A low intensity double-slit experiment was first performed by Taylor in 1909,^[16] by reducing the level of incident light until on average only one photon was being transmitted at a time. The appearance of interference built up from individual photons could be explained by understanding that a single photon has its own wavefront that passes through both slits, and that the single photon will show up on the detector screen according to the net probability values resulting from the co-incidence of the two probability waves coming by way of the two slits.^[17] Note that it is the probabilities of photons appearing at various points along the detection screen that add or cancel. So, if there is a cancellation of waves at some point, that does not mean that a photon disappears; it only means that the probability of a photon's appearing at that point will decrease, and the probability that it will appear somewhere else increases.

A detailed treatment of the mathematics of double-slit interference in the context of quantum mechanics is given in the article on Englert-Greenberger duality.

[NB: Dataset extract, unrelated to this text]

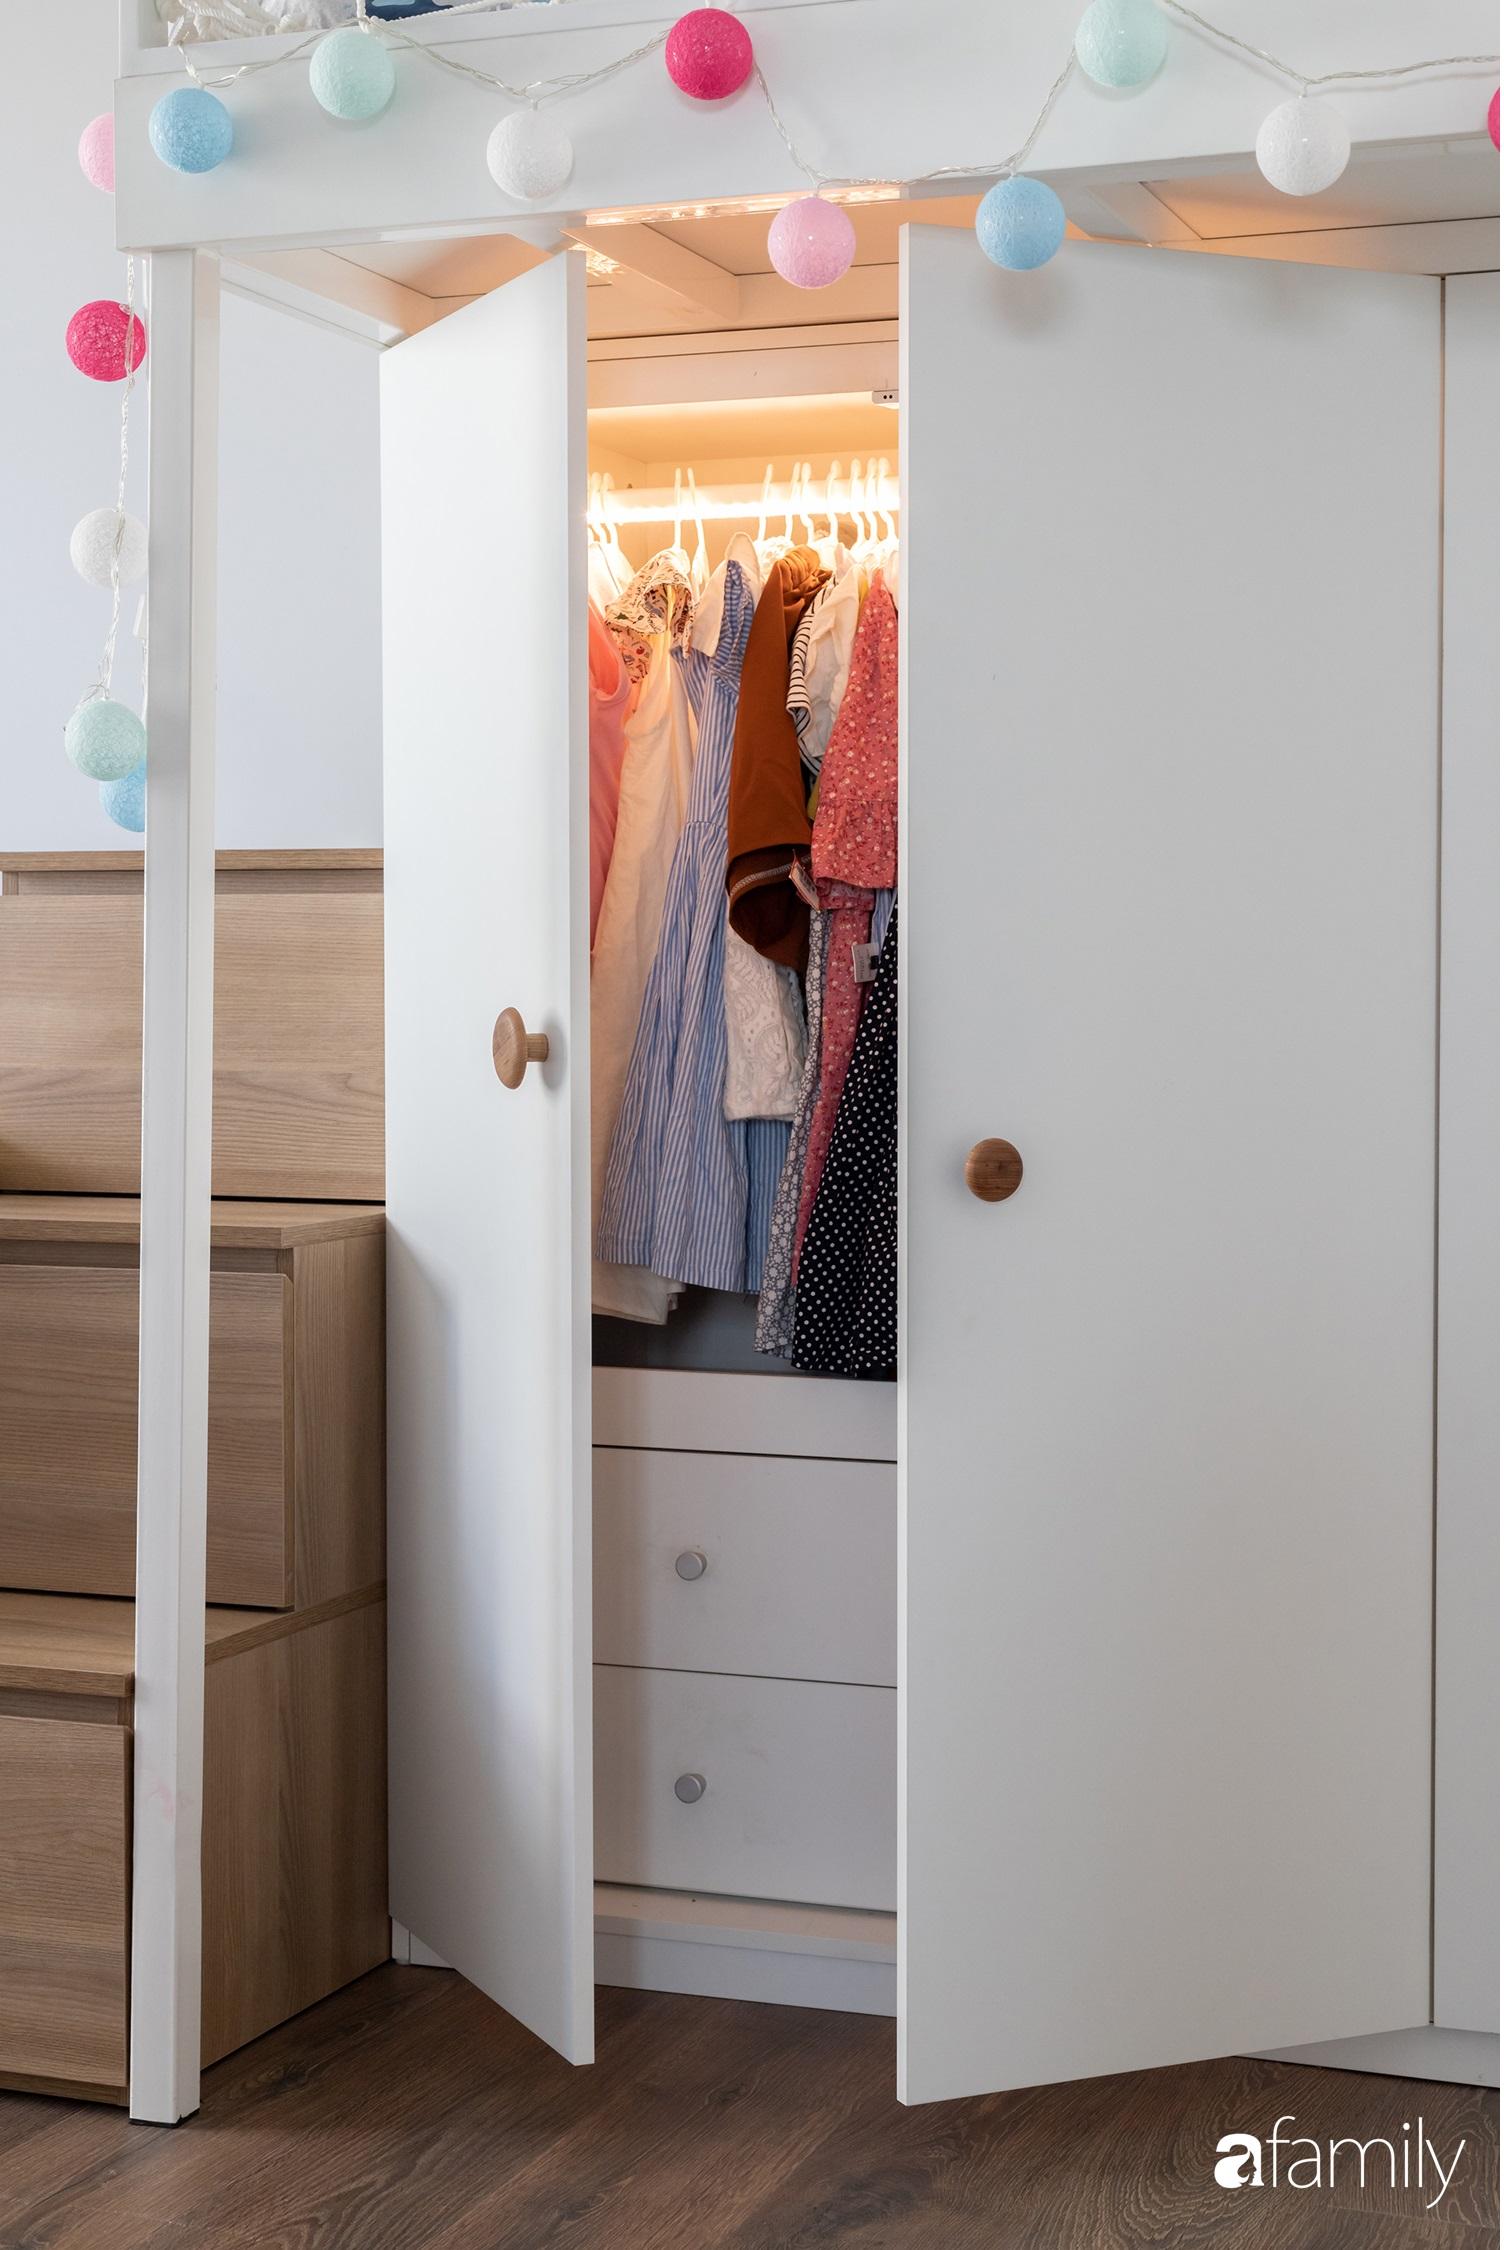 Căn hộ với chi phí phần nội thất gỗ có giá 200 triệu đồng đẹp cuốn hút theo phong cách tối giản ở Hà Nội - Ảnh 29.

With particle detectors at the slits

The double-slit apparatus can be modified by adding particle detectors positioned at the slits. This enables the experimenter to find the position of a particle not when it impacts the screen, but rather, when it passes through the double-slit — did it go through only one of the slits, as a particle would be expected to do, or through both, as a wave would be expected to do? Numerous experiments have shown, however, that any modification of the apparatus that can determine which slit a particle passes through weakens the interference pattern at the screen,^[3] illustrating the complementarity principle: that light (and electrons, etc.) can behave as either particles or waves, but not both at the same time.^[18][19][20] An experiment performed in 1987^[21] produced results that demonstrated that information could be obtained regarding which path a particle had taken, without destroying the interference altogether. This showed the effect of measurements that disturbed the particles in transit to a lesser degree and thereby influenced the interference pattern only to a comparable extent.

There are many methods to determine whether a photon passed through a slit, for instance by placing an atom at the position of each slit. Interesting experiments of this latter kind have been performed with photons^[21] and with neutrons.^[22]

Delayed choice & quantum eraser

The delayed-choice experiment and the quantum eraser are sophisticated variations of the double-slit with particle detectors placed not at the slits but elsewhere in the apparatus. The first demonstrates that extracting "which path" information after a particle passes through the slits can seem to retroactively alter its previous behavior at the slits. The second demonstrates that wave behavior can be restored by erasing or otherwise making permanently unavailable the "which path" information.

Other variations

A laboratory double-slit assembly; distance between top posts approximately one inch.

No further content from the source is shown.